(Beginning of Record extracts)
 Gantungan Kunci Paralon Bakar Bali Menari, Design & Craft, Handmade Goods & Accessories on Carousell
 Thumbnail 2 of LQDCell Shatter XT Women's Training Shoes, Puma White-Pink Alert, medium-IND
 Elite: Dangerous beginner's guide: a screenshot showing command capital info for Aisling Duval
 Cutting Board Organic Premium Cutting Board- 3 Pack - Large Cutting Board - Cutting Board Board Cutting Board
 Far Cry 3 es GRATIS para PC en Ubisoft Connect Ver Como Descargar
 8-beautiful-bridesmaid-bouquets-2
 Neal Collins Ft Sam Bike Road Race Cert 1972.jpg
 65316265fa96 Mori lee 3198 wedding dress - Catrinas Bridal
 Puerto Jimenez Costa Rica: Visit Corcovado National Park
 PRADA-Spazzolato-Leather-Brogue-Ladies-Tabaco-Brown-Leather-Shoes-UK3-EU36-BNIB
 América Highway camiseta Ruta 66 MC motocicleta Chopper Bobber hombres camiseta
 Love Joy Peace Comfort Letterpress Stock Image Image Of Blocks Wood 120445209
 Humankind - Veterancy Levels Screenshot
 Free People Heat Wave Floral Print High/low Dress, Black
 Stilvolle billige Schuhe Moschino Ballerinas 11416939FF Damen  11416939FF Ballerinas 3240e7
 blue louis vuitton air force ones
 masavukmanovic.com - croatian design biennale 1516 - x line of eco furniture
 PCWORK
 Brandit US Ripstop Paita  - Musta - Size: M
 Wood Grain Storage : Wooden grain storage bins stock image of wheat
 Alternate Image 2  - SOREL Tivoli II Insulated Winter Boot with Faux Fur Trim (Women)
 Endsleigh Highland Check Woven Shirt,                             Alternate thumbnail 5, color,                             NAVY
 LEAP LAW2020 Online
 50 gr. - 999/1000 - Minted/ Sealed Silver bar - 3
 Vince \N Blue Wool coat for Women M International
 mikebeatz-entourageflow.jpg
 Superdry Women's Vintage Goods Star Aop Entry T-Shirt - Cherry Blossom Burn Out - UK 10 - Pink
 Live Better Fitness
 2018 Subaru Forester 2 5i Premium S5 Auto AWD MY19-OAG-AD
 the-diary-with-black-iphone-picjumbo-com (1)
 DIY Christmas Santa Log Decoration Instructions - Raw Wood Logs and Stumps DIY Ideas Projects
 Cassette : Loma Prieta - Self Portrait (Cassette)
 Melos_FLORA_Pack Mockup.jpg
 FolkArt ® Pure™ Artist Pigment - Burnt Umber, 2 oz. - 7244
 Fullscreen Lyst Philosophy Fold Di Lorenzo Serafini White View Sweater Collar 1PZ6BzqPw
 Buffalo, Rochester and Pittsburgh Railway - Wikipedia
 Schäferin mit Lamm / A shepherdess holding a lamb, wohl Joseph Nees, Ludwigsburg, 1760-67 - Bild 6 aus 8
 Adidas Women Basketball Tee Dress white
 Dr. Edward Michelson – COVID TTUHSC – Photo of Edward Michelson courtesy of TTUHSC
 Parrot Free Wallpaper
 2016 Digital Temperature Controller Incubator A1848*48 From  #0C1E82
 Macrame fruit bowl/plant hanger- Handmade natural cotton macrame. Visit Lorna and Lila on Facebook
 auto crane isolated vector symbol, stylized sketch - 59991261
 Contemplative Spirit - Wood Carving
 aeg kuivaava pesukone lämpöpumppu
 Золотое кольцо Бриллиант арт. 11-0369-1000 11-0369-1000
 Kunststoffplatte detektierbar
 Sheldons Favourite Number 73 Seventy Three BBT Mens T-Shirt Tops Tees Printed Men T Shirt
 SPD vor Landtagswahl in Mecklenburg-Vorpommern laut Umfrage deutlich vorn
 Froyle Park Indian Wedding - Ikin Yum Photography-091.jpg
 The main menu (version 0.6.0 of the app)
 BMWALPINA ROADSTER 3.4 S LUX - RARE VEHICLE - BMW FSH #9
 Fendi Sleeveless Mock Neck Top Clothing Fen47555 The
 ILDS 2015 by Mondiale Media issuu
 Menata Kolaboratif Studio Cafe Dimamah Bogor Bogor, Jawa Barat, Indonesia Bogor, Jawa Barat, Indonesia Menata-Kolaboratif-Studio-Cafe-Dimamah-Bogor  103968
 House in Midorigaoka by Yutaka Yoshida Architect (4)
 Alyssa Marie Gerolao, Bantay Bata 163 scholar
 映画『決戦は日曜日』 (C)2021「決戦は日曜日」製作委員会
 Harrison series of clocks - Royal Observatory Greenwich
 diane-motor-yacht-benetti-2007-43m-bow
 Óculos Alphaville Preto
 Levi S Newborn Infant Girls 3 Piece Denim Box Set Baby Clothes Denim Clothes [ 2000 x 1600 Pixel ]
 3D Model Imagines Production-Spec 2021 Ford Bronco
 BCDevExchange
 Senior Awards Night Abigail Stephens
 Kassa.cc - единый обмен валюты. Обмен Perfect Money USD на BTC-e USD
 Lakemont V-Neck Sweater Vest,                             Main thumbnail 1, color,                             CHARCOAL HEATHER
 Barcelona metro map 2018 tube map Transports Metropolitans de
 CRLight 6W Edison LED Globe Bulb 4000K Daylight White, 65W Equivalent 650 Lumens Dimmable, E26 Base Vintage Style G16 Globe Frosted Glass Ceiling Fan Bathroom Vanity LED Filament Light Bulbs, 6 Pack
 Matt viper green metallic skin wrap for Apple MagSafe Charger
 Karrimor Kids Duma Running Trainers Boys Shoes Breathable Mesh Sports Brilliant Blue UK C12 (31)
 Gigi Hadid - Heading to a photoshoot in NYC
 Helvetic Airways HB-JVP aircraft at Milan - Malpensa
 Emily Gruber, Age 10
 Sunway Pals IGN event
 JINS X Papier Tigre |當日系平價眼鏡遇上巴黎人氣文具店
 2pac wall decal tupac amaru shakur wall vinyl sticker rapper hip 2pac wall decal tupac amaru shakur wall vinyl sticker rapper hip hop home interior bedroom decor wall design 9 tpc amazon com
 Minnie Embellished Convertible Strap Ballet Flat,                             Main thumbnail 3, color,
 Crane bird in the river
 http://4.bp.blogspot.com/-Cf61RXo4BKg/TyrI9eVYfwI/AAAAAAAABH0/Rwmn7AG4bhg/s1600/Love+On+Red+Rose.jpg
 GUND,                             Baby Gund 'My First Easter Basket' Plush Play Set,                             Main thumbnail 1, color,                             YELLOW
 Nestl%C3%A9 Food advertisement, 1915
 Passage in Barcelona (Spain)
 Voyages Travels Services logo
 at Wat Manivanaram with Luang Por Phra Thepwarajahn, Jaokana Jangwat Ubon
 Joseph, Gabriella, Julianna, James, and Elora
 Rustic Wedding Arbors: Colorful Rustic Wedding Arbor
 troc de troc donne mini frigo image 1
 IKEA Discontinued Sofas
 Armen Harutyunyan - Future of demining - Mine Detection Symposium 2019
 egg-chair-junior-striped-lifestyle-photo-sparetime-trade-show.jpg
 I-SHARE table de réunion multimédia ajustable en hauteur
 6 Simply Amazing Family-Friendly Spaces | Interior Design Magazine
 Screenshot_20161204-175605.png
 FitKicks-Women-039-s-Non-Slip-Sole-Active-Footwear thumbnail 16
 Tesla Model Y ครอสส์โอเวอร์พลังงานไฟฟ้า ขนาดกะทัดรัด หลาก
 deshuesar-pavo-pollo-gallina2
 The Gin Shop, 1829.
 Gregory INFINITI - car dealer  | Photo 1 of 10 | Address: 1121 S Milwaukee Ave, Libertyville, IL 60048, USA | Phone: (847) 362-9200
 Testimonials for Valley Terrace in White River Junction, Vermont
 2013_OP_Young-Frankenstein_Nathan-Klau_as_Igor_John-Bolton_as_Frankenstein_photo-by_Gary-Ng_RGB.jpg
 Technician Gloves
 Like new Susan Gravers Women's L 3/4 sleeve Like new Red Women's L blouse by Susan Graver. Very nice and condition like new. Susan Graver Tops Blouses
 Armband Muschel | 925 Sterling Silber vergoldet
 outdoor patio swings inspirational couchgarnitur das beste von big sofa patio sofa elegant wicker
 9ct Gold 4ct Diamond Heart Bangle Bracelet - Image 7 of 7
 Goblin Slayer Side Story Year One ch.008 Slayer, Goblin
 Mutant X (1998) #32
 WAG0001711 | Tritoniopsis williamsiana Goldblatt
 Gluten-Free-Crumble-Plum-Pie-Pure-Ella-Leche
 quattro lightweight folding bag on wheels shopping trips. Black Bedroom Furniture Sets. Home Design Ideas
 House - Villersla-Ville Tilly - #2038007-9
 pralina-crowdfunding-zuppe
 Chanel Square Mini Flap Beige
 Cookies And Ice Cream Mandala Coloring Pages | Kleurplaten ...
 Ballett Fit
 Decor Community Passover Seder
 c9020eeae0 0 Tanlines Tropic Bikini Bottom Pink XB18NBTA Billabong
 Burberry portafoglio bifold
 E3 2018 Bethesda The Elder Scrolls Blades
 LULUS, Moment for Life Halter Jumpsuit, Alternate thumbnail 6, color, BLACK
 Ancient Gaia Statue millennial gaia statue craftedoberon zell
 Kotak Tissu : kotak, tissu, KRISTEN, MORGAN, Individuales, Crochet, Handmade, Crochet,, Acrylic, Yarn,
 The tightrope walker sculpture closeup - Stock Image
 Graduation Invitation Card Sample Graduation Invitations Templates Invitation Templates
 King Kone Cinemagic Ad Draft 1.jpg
(End of Record extracts)
Problem
The reply should hold only the lines of the listing above starting at the line containing "the-diary-with-black-iphone-picjumbo-com (1)" and ending at the line containing "Buffalo, Rochester and", exactly as written.

Response to the task
 the-diary-with-black-iphone-picjumbo-com (1)
 DIY Christmas Santa Log Decoration Instructions - Raw Wood Logs and Stumps DIY Ideas Projects
 Cassette : Loma Prieta - Self Portrait (Cassette)
 Melos_FLORA_Pack Mockup.jpg
 FolkArt ® Pure™ Artist Pigment - Burnt Umber, 2 oz. - 7244
 Fullscreen Lyst Philosophy Fold Di Lorenzo Serafini White View Sweater Collar 1PZ6BzqPw
 Buffalo, Rochester and Pittsburgh Railway - Wikipedia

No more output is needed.